I guess this is caused by too much watering??? This tomato was not in contact with the ground. What fungicide would work to cure this? So far it is only affecting one plant.


----------



## Sharkbite (Dec 16, 2004)

I think it just has something to do with the autofocus on your camera. Good luck with it!:spineyes:


----------



## Profish00 (May 21, 2004)

something opened it up, kill that. seven dust is good for veggies


----------



## Haute Pursuit (Jun 26, 2006)

Sharkbite said:


> I think it just has something to do with the autofocus on your camera. Good luck with it!:spineyes:


LOL, comedian. Profish, I have been applying 7 dust religiously. This is some sort of a fungus.


----------



## Rusty S (Apr 6, 2006)

Kocide. rs


----------



## BigTim (Dec 3, 2006)

It's a calcium deficiency. Get a foliar spray like Rot-Stop or Yield Booster and spray them per label instructions. Try to spray them before the rain this weekend.


----------



## ROBOWADER (May 22, 2004)

http://bexar-tx.tamu.edu/HomeHort/F1Column/2006 Articles/MAY28.htm

A couple of mine are doing the same thing. I found this on-line last night.


----------



## mowers99 (Jan 30, 2008)

Robowader has the correct answer.


----------



## Haute Pursuit (Jun 26, 2006)

I thought it was blossom end rot at first but it is not at the bottom of the affected tomatoes. I'm going to add some calcium to the soil and see what that does. If not, I'll get a fungicide like Rusty suggested.


----------



## w_r_ranch (Jan 14, 2005)

*Water evenly* - If the plant goes through drastic changes in the amount of water it gets, it may not be able to take up the calcium it need at the crucial time when the fruit is being formed. Water evenly, not too much or too little.

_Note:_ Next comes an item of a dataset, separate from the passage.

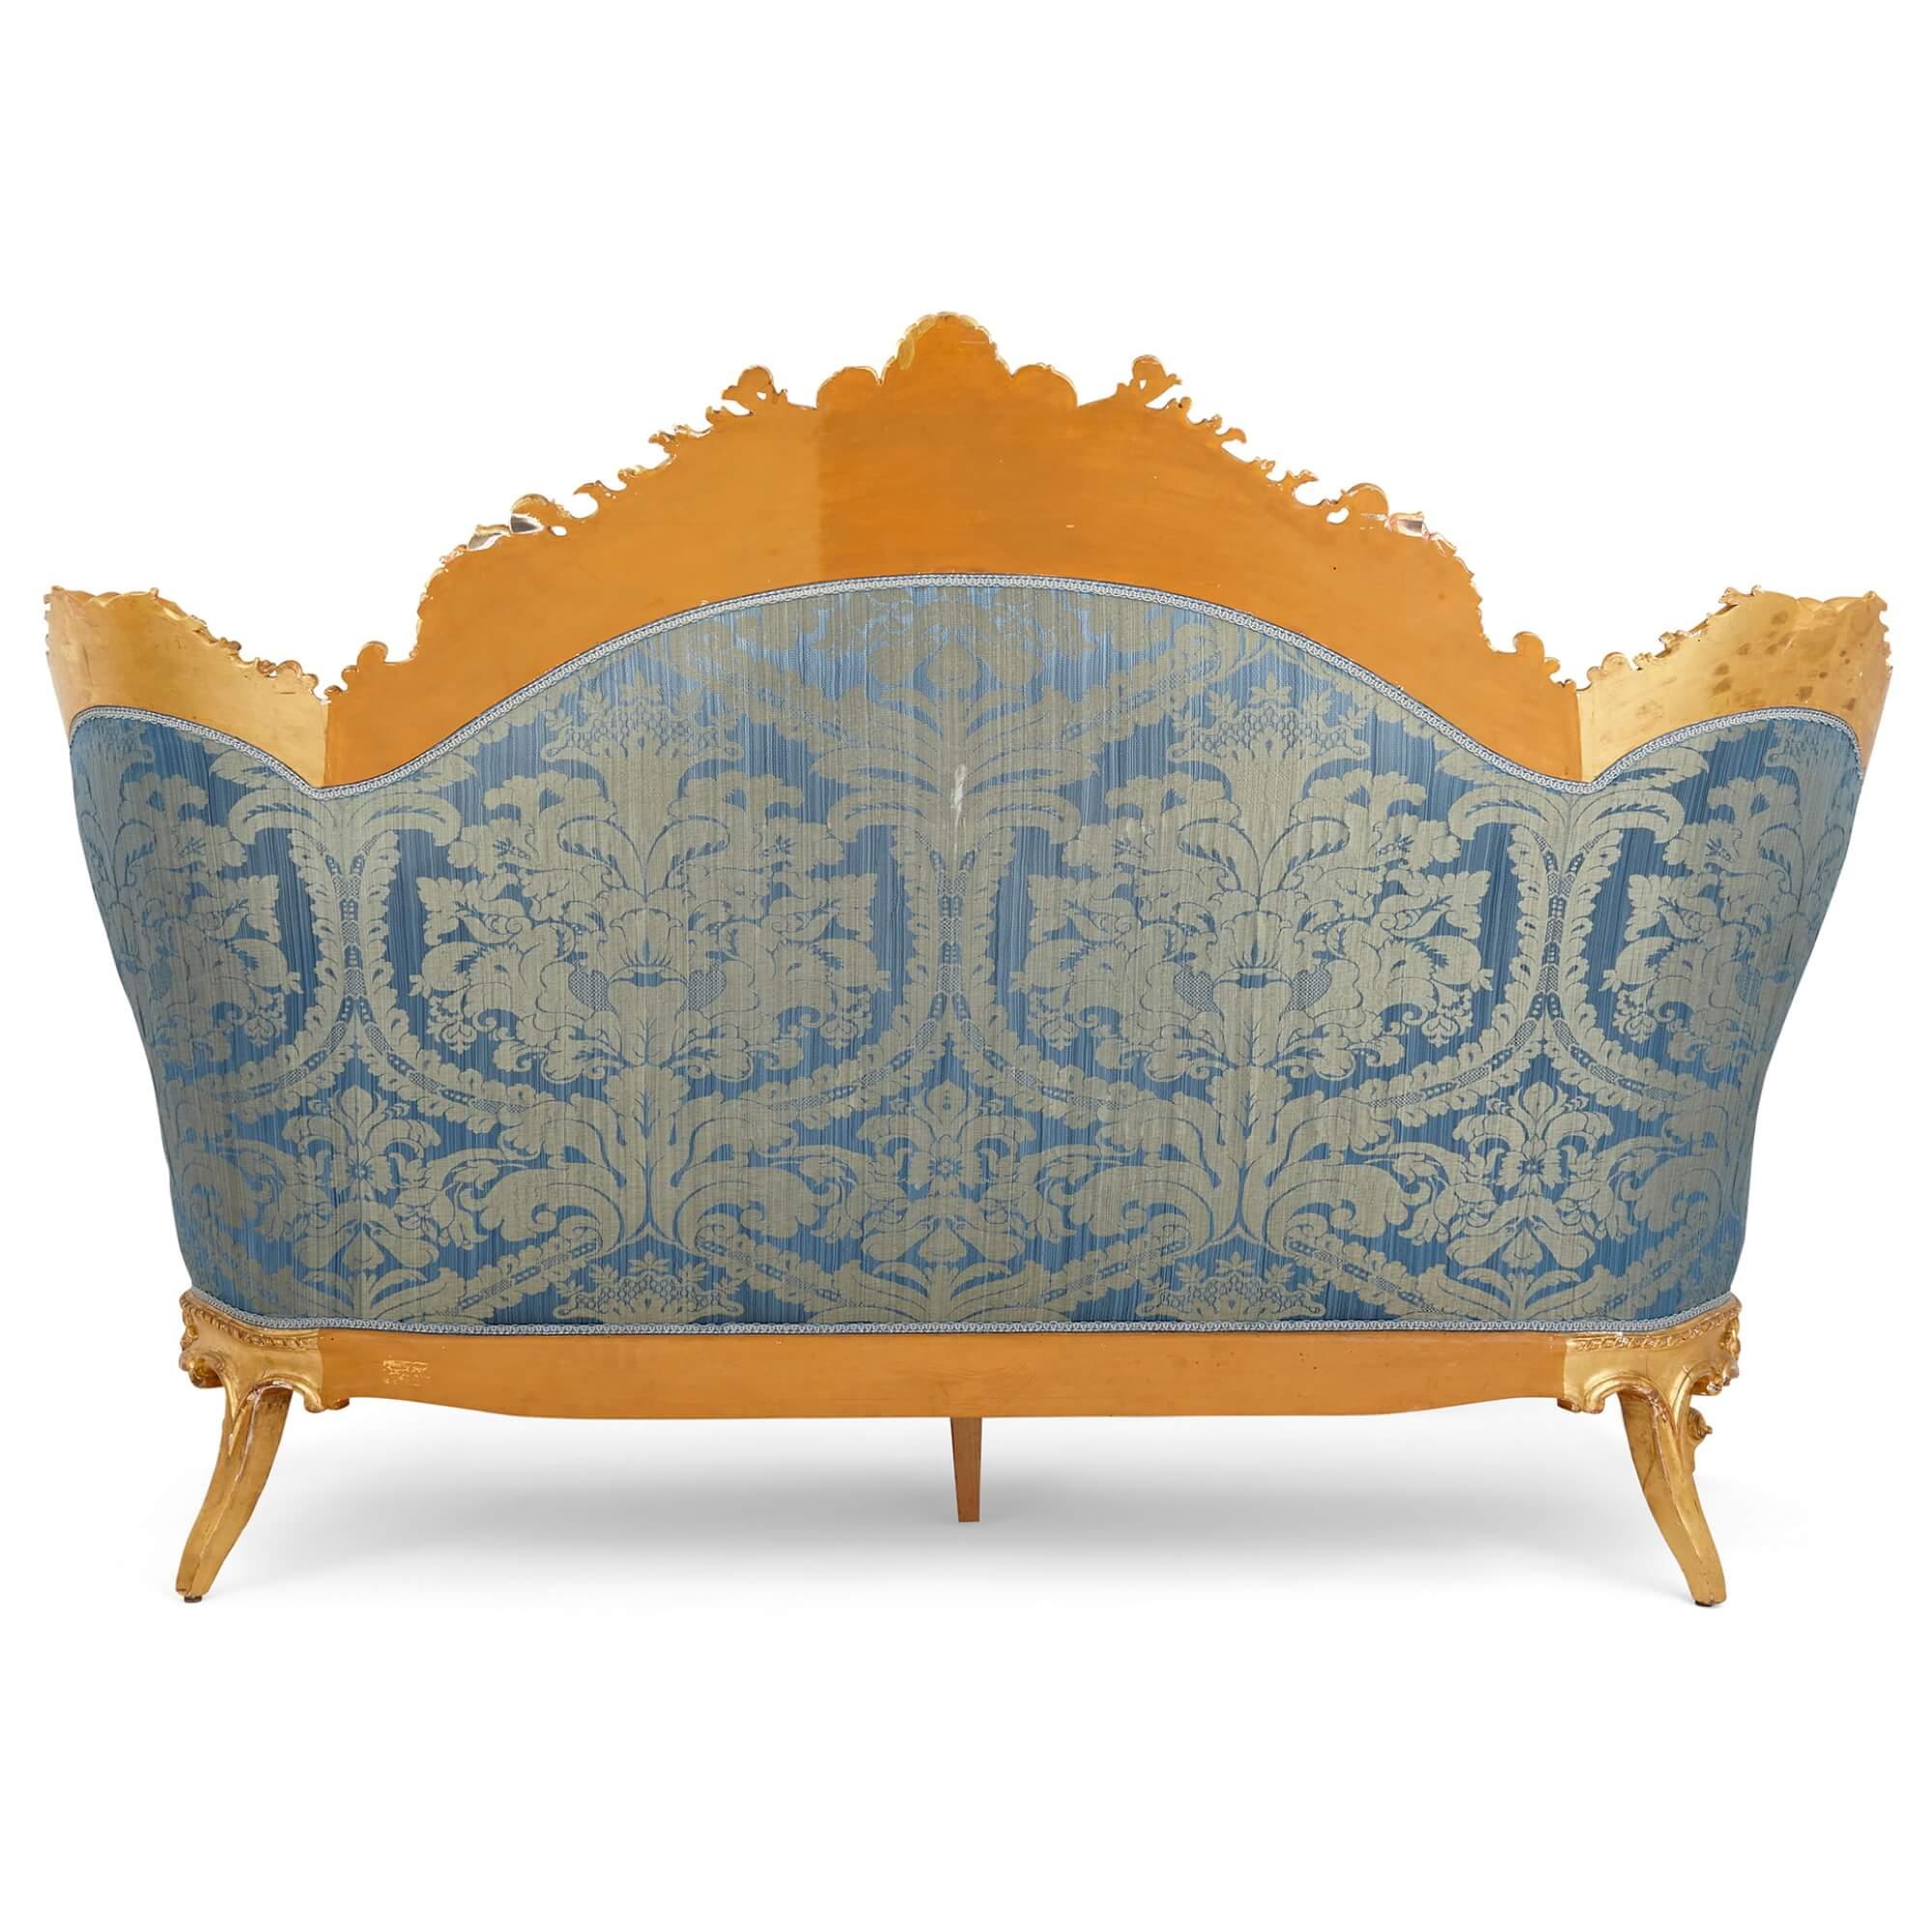 Large French Rococo Revival Style Giltwood Sofa For Sale 2

*Add the right kind of fertilizer* - Add a low nitrigen fertilizer to the soill before you plant. Too much nitrogen will cause an imbalance of growth between the roots and the leaves. If the leaves grow too fast, the plant does not have enough roots to take up calcium the squash fruit will need.

*Add lime *- The soil pH must be between 6.0 and 6.5 for optimal calcium uptake. Use lime to balance you're your soil's pH if it is too low, adding lime will correct this.

*Add gypsum* - Gypsum will help add calcium to the soil and will make that nutrient more readily available.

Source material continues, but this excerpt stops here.